14 April 2010

First impressions of Eurocucina 2010

One should never judge a show by its first day but… Oh alright then, I’ll give it a try.
Every Eurocucina delivers a message, and as Italy is the second largest market for kitchens and built-in appliances – to say nothing of being home to the majority of contemporary kitchen and appliance designers – it’s a message we had better take note of.

This year the overriding theme was one of ‘togetherness’; the kitchen being the place in the home where we spend the most time, where we come together as a family unit.
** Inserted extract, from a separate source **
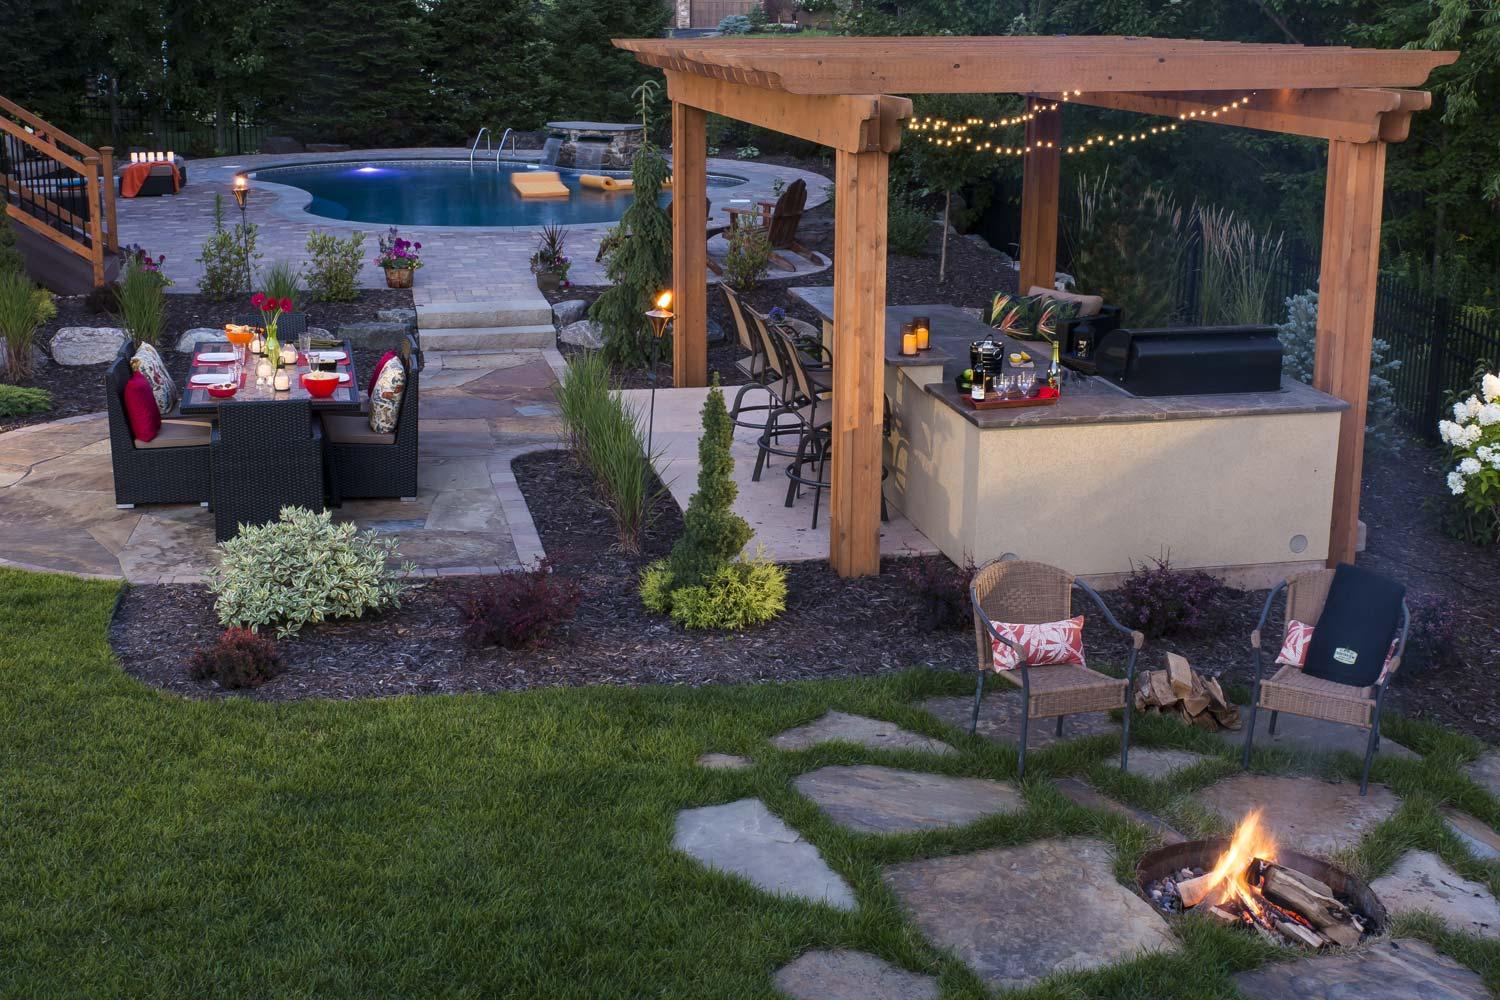 dining patio, fire pit, and pergola over outdoor kitchen and bar

The kitchen as the hub of the home was the oft-repeated mantra throughout the exhibition. Kitchen furniture that also looks good in the lounge, or doors that could be used to slide over the working part of the kitchen and convert the space into a lounge; these were here two years ago as niche products. Well, they’ve gone mainstream now.

Worktops varied from the ultra thin to the ultra chunky, with ultra thin – well 10mm thin – winning out on day one.

The place was coming down with white kitchens – yet again – but this time it was white with glass gloss finishes and both matt and gloss white with wood. And as for handle makers? Well, they are in for a pretty bleak future it would seem.

Broadly speaking, the kitchens on display were either handle-less in the traditional sense or increasingly with servo driven doors and drawers that would spring into action at a push.

One of our very own furniture designers who must be either feeling pretty pleased with himself, or cursing that he does not have a R&D budget the size of some of the Italian kitchen companies at Eurocucina, is Joe Cavani of Edwin Loxley.

Most of the white and wood combinations at Eurocucina in 2010 were an extension of a design Joe pioneered over a year ago and showed as a prototype at Grand Designs Live at the Excel Centre in London.

Appliances have finally come in from the cold and have their own dedicated exhibition space within halls 13 and 15 rather than being stuck in a tent in one of the car parks as was the case previously.

Many of the brands responded to being given a seat at the top table by building impressive stands and present a smattering of new products. Dometechnica in its heyday it isn’t, but it is certainly a big step in the right direction.

But, lest we forget, Eurocucina is above all a kitchen furniture show and this year may go down as a year of consolidation rather than one of bold new directions. I’ll get a better idea when I’ve been around more of the show tomorrow.

Meanwhile, watch this space - as they say!